Mustafa Yacoubi, a top aide to Sadr in Najaf, said the shells appeared to have been fired at close range from another house in the neighborhood, an area in northeastern Najaf that is controlled by Sadr's Mahdi Army. Angry followers of the young cleric surrounded Sadr's home after the attack.

The cleric, who is believed to be in his thirties, issued a statement calling for calm among his followers, who have been accused of deadly retaliatory attacks on Sunnis following other provocations, which Sadr often blames on the West.

"I call upon my brothers not to be dragged into the West's plots," he said in the statement. "Everybody should stay calm."

Correspondent Ellen Knickmeyer and special correspondents Naseer Nouri and Saad al-Izzy in Baghdad, Saad Sarhan in Najaf and Hassan Shammari in Baqubah contributed to this report.

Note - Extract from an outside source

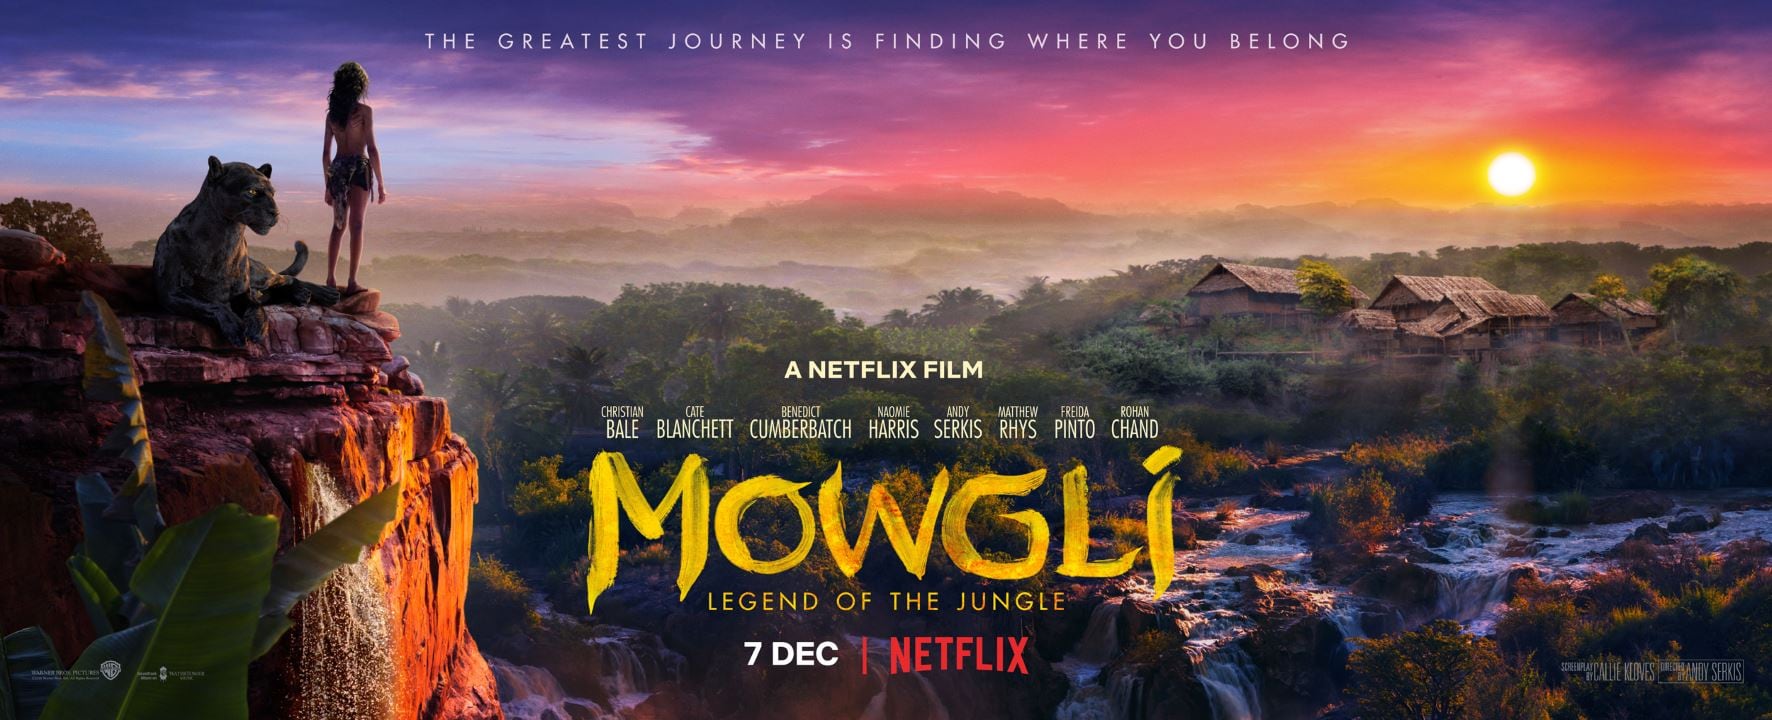 Mowgli: Legend of the Jungle / Mowgli: Legend of the Jungle (2018)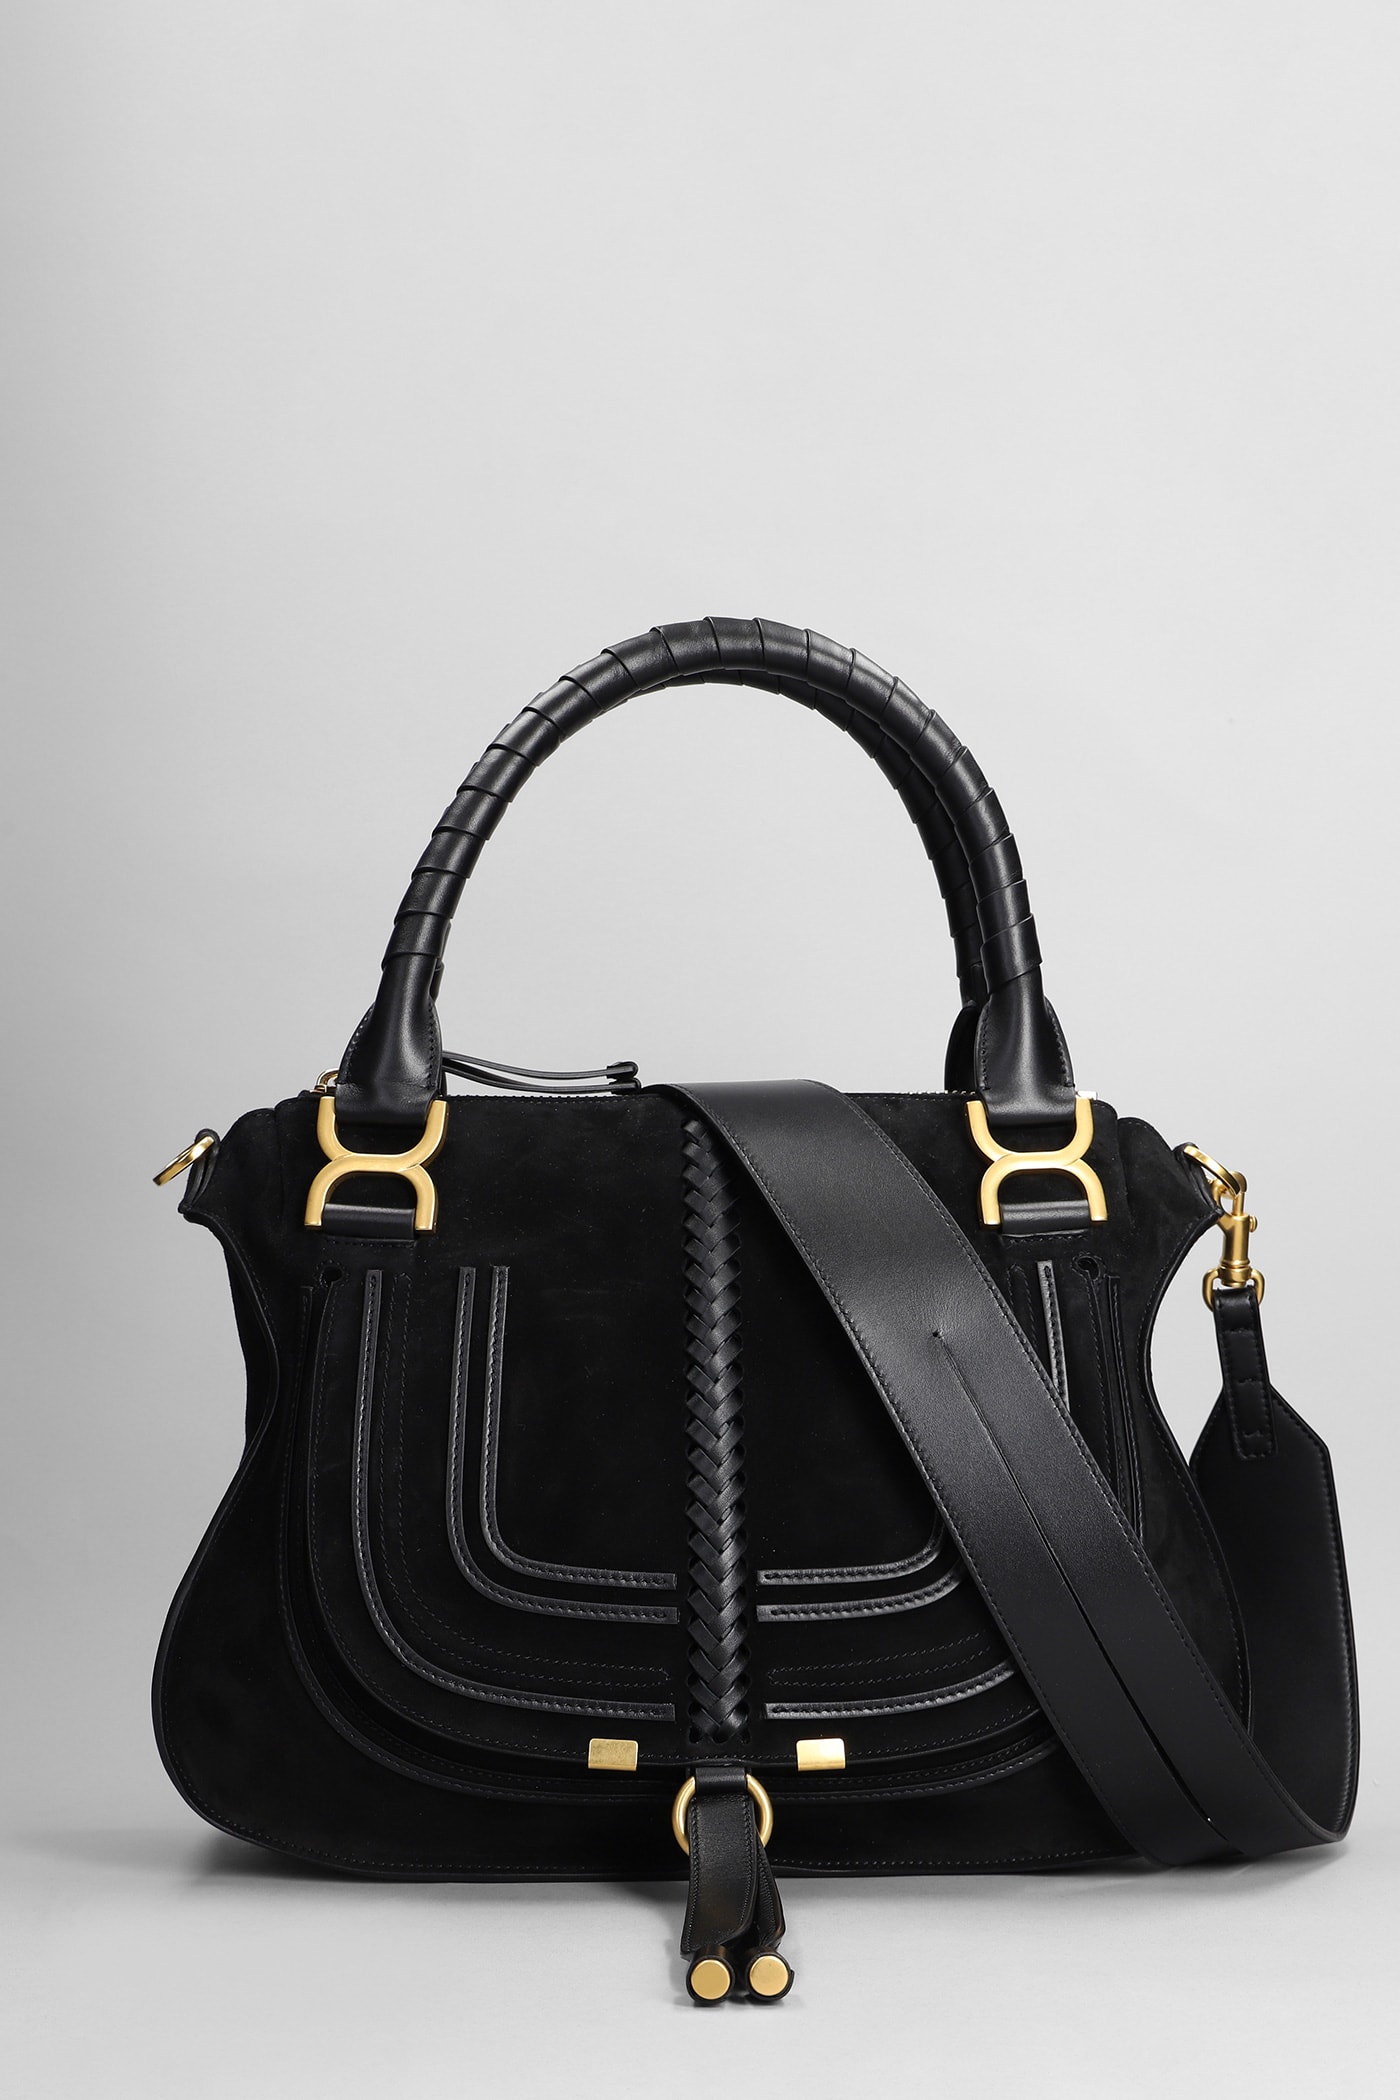 Chloé Mercie Shoulder Bag In Black Leather

© 2006 The Washington Post Company

Phil theStalker
03-27-2006, 07:04 AM
Originally posted by Nickdfresh
16 Sadr Loyalists Killed in Assault
U.S.-Iraqi Mission Heightens Tensions With Shiite Cleric

By Jonathan Finer and John Ward Anderson
Washington Post (http://www.washingtonpost.com/wp-dyn/content/article/2006/03/26/AR2006032600883_2.html) Foreign Service
Monday, March 27, 2006; A01

BAGHDAD, March 26 -- U.S. and Iraqi special forces killed at least 16 followers of the Shiite Muslim cleric Moqtada al-Sadr on Sunday in a twilight assault on what the U.S. military said was a "terrorist cell" responsible for attacks on soldiers and civilians.

Also Sunday, Iraqi forces found 30 headless bodies in an area north of the capital. A health official said the killings appeared to have taken place earlier in the day...
30 headless bodies killed the same day, day in and day out.

Doesn't sound like civil war t2o me.

I wonder if when civil war comes t2o America we'll see beheadings. It sure is effective on the local populations.